ClashSAN / stable-diffusion-android-cpu-steps

memo
12 stars 0 forks source link

stable-diffusion-android-cpu-steps

I quantized a couple of onnx models to int8 with this script, and found I can use the onnxdiffusers pipeline on android in cpu mode. (the method also works with x64 raspberry pi (rasbian) off the bat, you can also do this with a persistent TailsOS to make it portable)

1. Install Termux and AnLinux from f-droid
2. Download Ubuntu by copying the command from AnLinux to Termux. then start with the script.
3. apt update and apt upgrade packages
4. install python 3.10 (python3), pip and git
5. clone https://github.com/azuritecoin/OnnxDiffusersUI [commit](4ca9651065af1b17f36010c28cb0f6bdaff78457)
6. install diffusers (currently v0.10.2), transformers, torch, and onnxruntime
7. download an onnx model, This is quantized to int8 so, at 256x256 it takes +1.3g ram peak, regular inference it's at +0.9
8. run the txt2img script, best test settings are `--steps 8 --scheduler dpms --height 256 --width 256`

There is a way to increase the speed:

Int8 works well for < 448x448 dimensions, glitchy picture higher than that size.. Fp16 onnx model has appeared to use less memory for smaller sizes than fp32 at < 512x512 , but the memory seems similar or increased at 512x512 and the generation time has also increased.

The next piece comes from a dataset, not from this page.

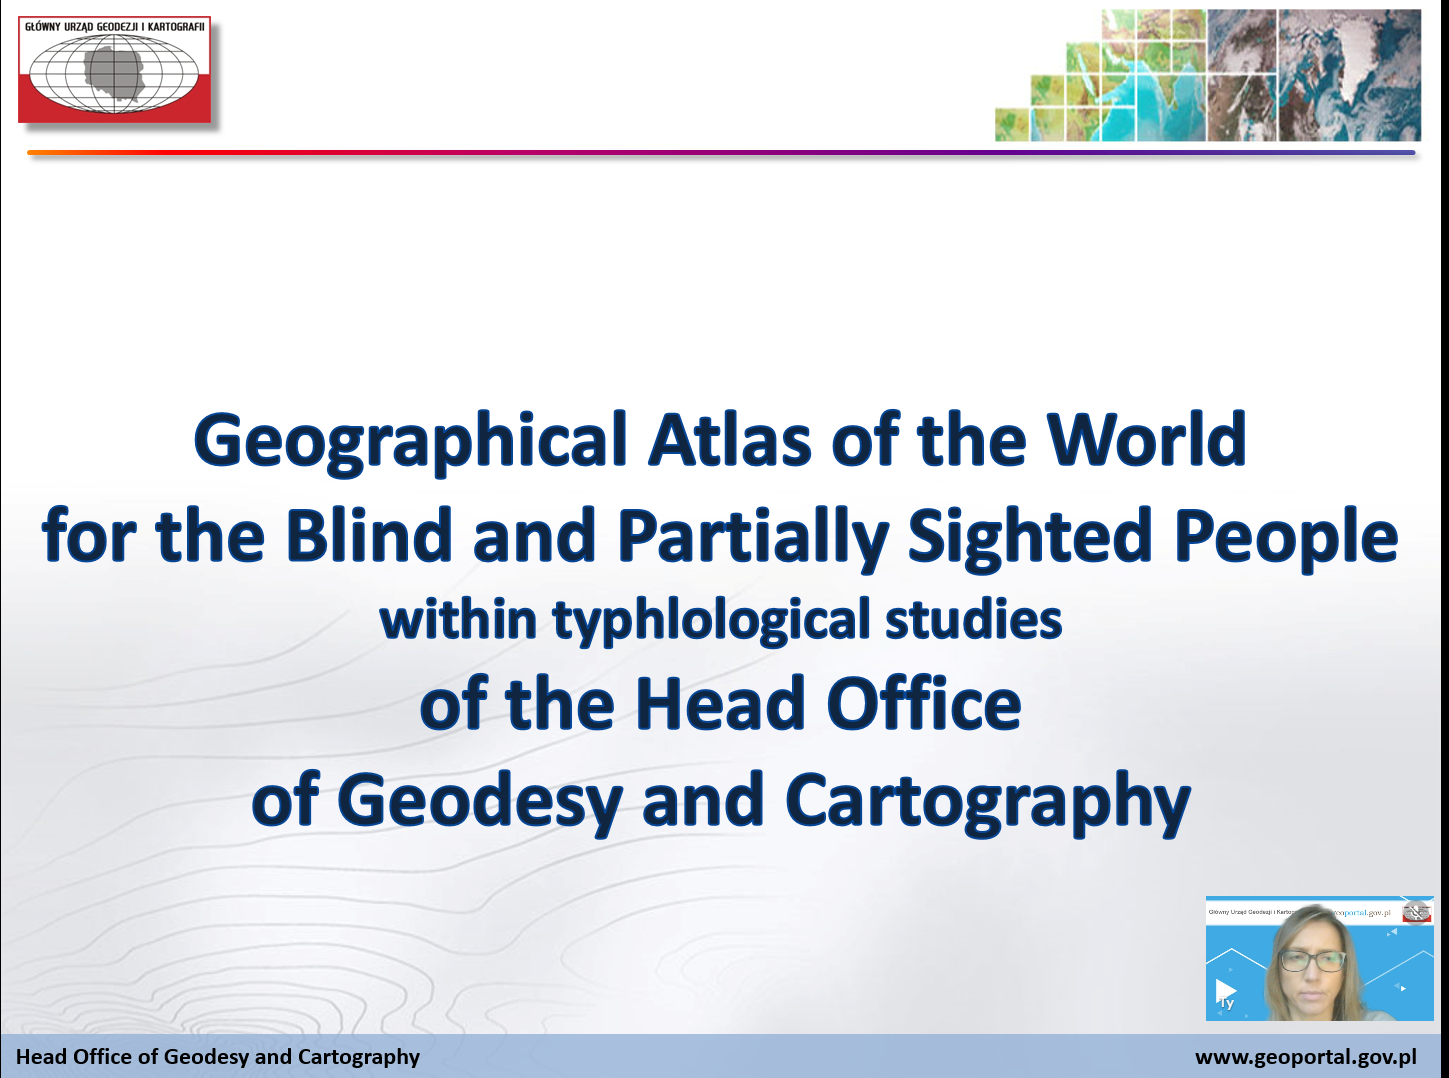 Ilustracja przedstawia zrzut ekranu prezentujący pierwszy slajd prezentacji GUGIK podczas warsztatów ICA

My phone has 6gb ram and uses 2.3gb ram standby running LineageOS 19 (Android 12). You may want to remove some background processes and use a non-bloated controllable OS to ensure you have enough ram for the task. I can watch videos and do other things while images are generated in the background.

I have also tested this on a standard google pixel xl (4gb ram) running the standard os, the maximum size i can generate is 320x384. It's running 57% slower than snapdragon 865+.